Half a century after a notorious prison escape from Alcatraz Island in San Francisco Bay, the FBI has created replicas of decoy heads that inmates used to distract guards from a plan that still captivates researchers and tourists.
Authorities last week unveiled 3D-printed copies of the decoys that inmates Frank Morris and brothers John and Clarence Anglin constructed with soap, plaster, and human hair.
Morris and the Anglins placed the imitations in their beds and climbed through a wall to escape the island prison, a mile and a quarter from land.

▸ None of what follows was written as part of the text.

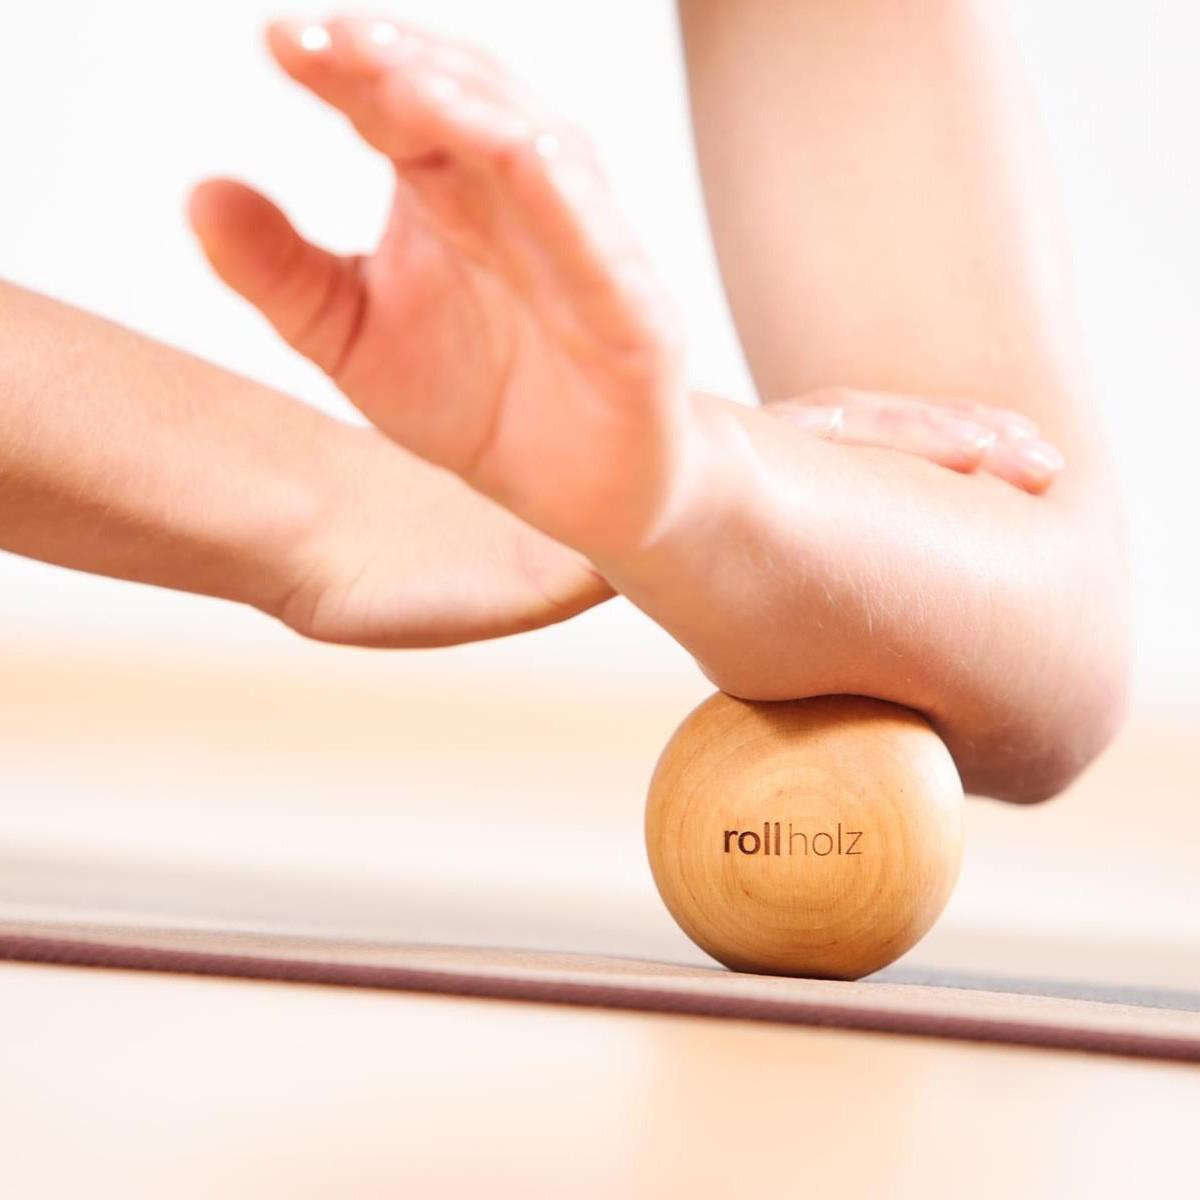 rollholz – Massagekugel aus Holz für punktuelle Behandlung – 7cm

The men were never found.
Inmate Clayton West also created a head but never made it out of the maximum-security prison that housed dangerous criminals and offenders with a history of escaping.
Authorities said they made replicas instead of displaying the original decoys because they are fragile and remain evidence in the still-open investigation into the escape by the U.S. Marshals Service.
"We understand the original items can't be out here — they've got to be archived," said John F. Bennett, FBI special agent in charge in San Francisco. "But we recognize that those items are also part of the rich and historic fabric and the landmark of this city."
Bennett said a team from the FBI's laboratory in Quantico, Va., traveled to San Francisco to scan the original decoys. Employees at the lab donated their own hair to accurately re-create the original masks, which included hair that the inmates had collected from the prison barber shop.
"The hair and the paint on here is exactly what the prisoners did," Bennett said, showing the replicas brought to the island in black, waterproof cases.
The FBI investigated the prison break — which was featured in the 1979 movie Escape from Alcatraz starring Clint Eastwood — for 17 years before it was turned over to the Marshals Service.
Models of the heads that were used in the movie have been on display to Alcatraz visitors, and the FBI hopes the public will soon be able to view the agency's replicas, which were unveiled along with "Wanted" signs for the long-escaped inmates.
Authorities continue to investigate all credible leads, said Don O'Keefe, U.S. marshal for the Northern District of California.
"Some may believe that we're chasing shadows, but our efforts are meant not just to perform due diligence, but to be a warning to other fugitives, that U.S. Marshals don't give up because of the passing of time," he said in a statement.